> Instructions for the task
The required output is the lines below from the line containing "French President Emmanuel" to the line containing "Caravan Sink Water", inclusive, retyped exactly. No other lines belong in it.

> Provided material
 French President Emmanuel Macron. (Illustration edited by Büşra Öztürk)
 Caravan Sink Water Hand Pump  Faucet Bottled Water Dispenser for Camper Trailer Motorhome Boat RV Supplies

...

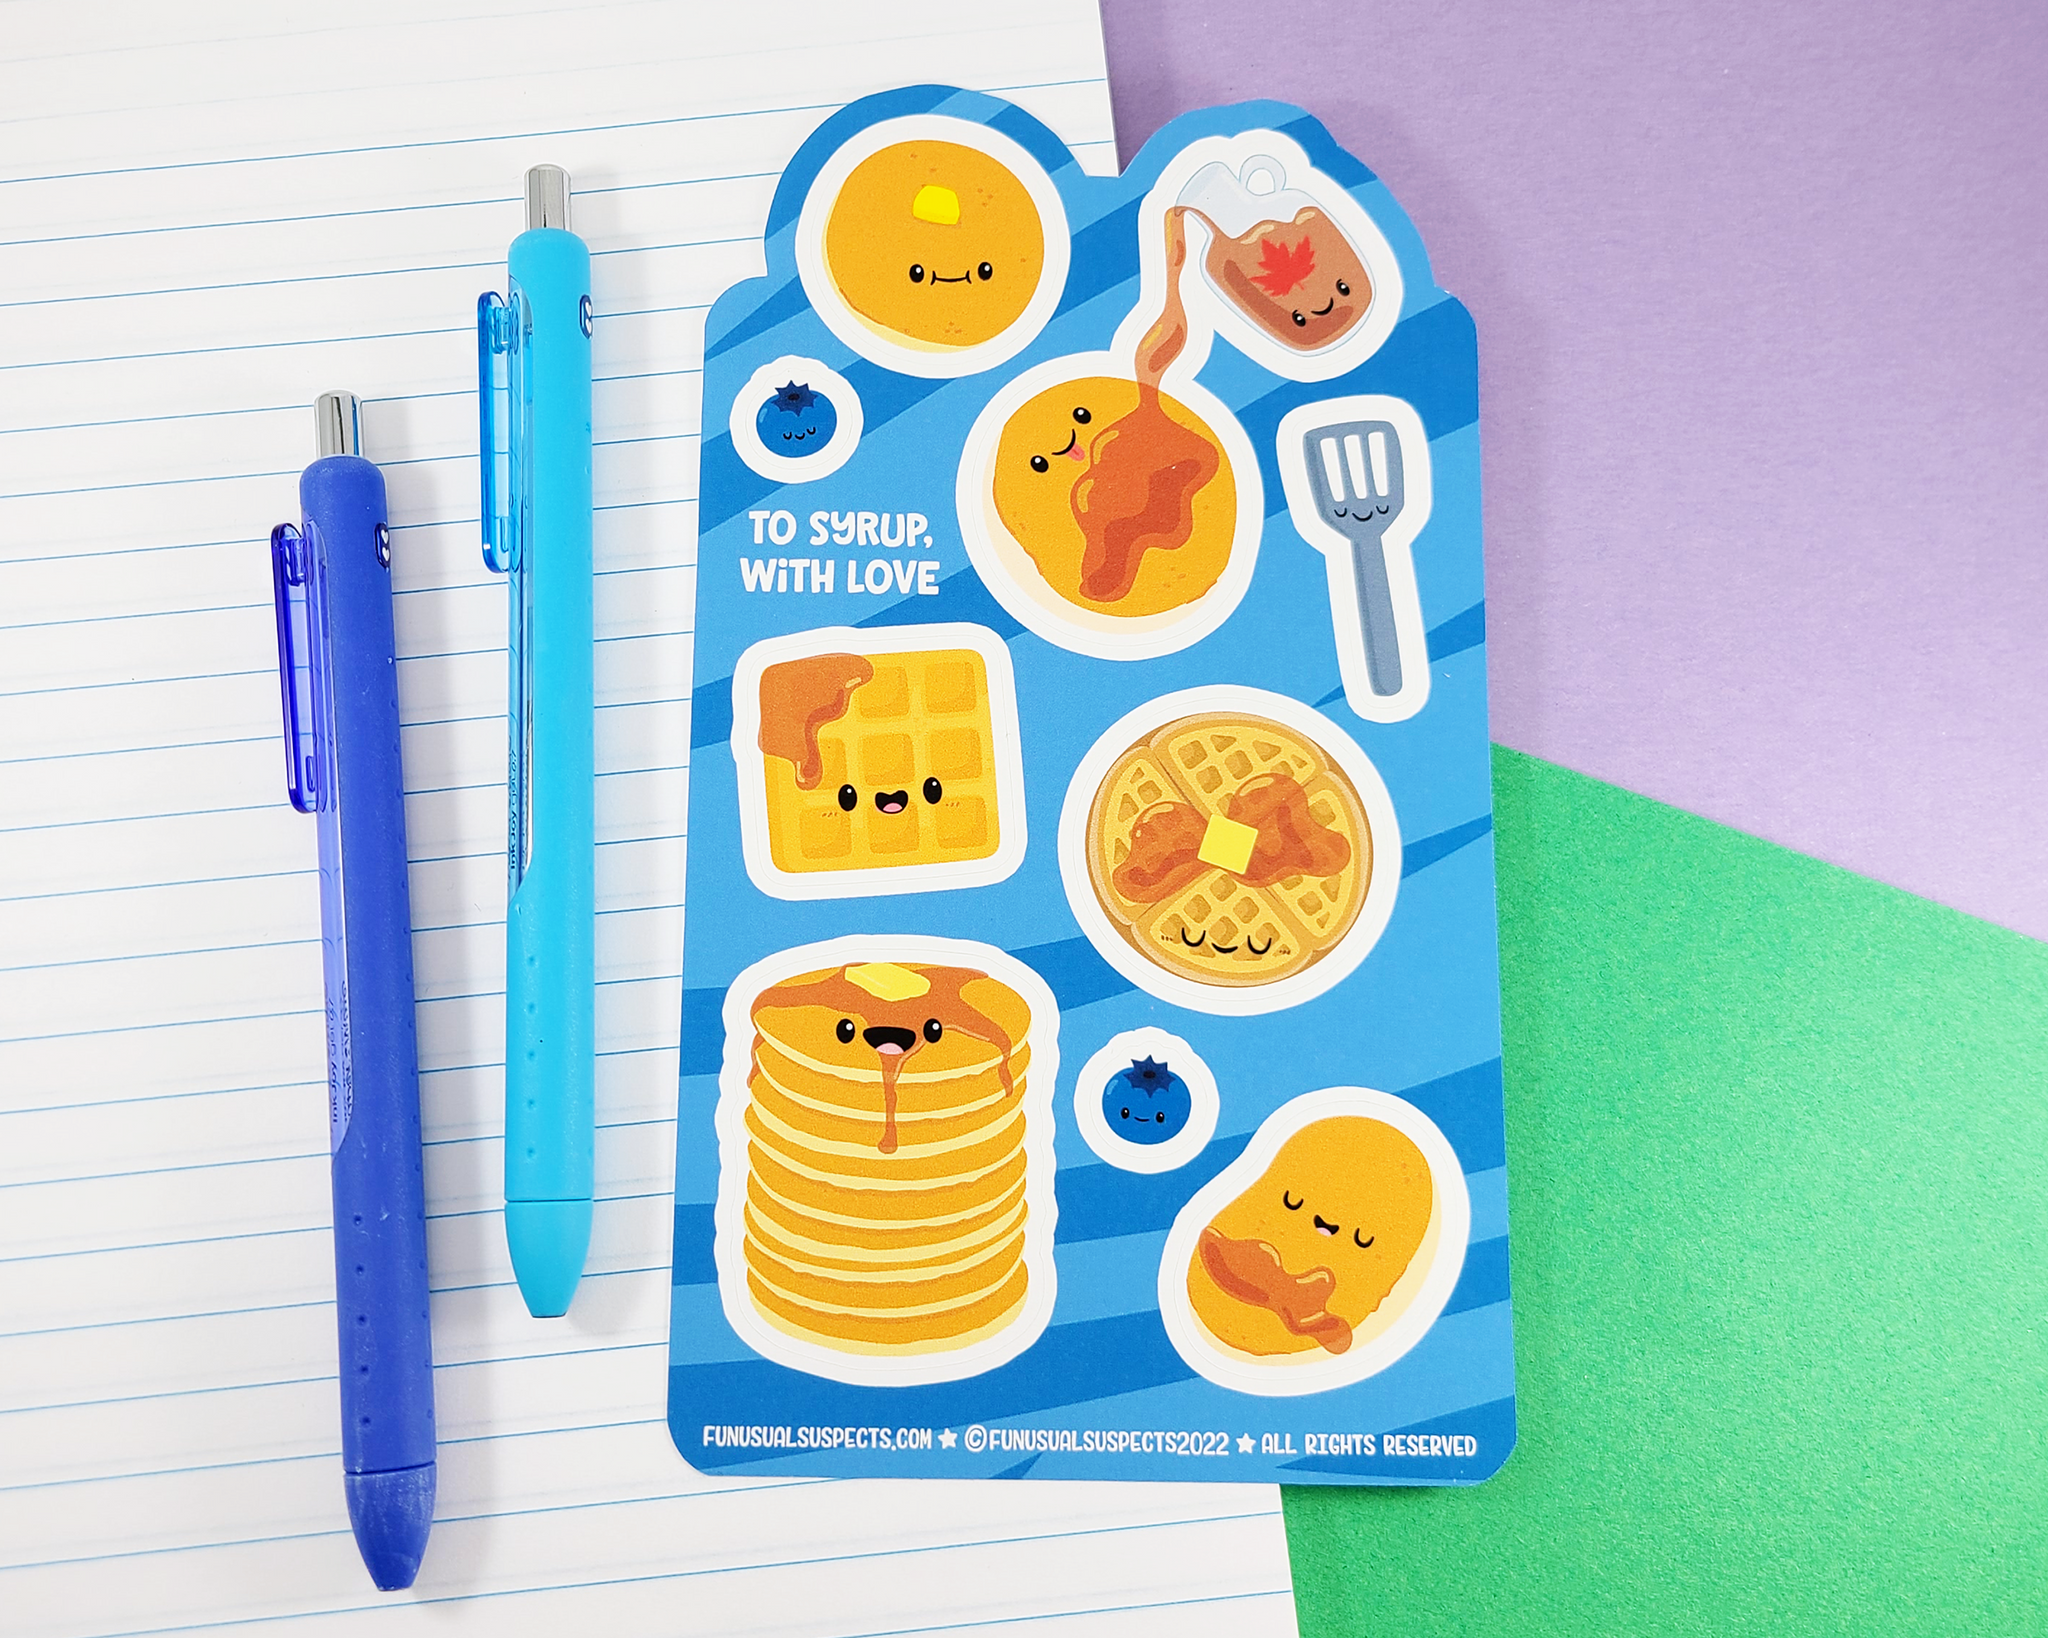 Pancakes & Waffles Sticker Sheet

> Answer for the task
 French President Emmanuel Macron. (Illustration edited by Büşra Öztürk)
 Caravan Sink Water Hand Pump  Faucet Bottled Water Dispenser for Camper Trailer Motorhome Boat RV Supplies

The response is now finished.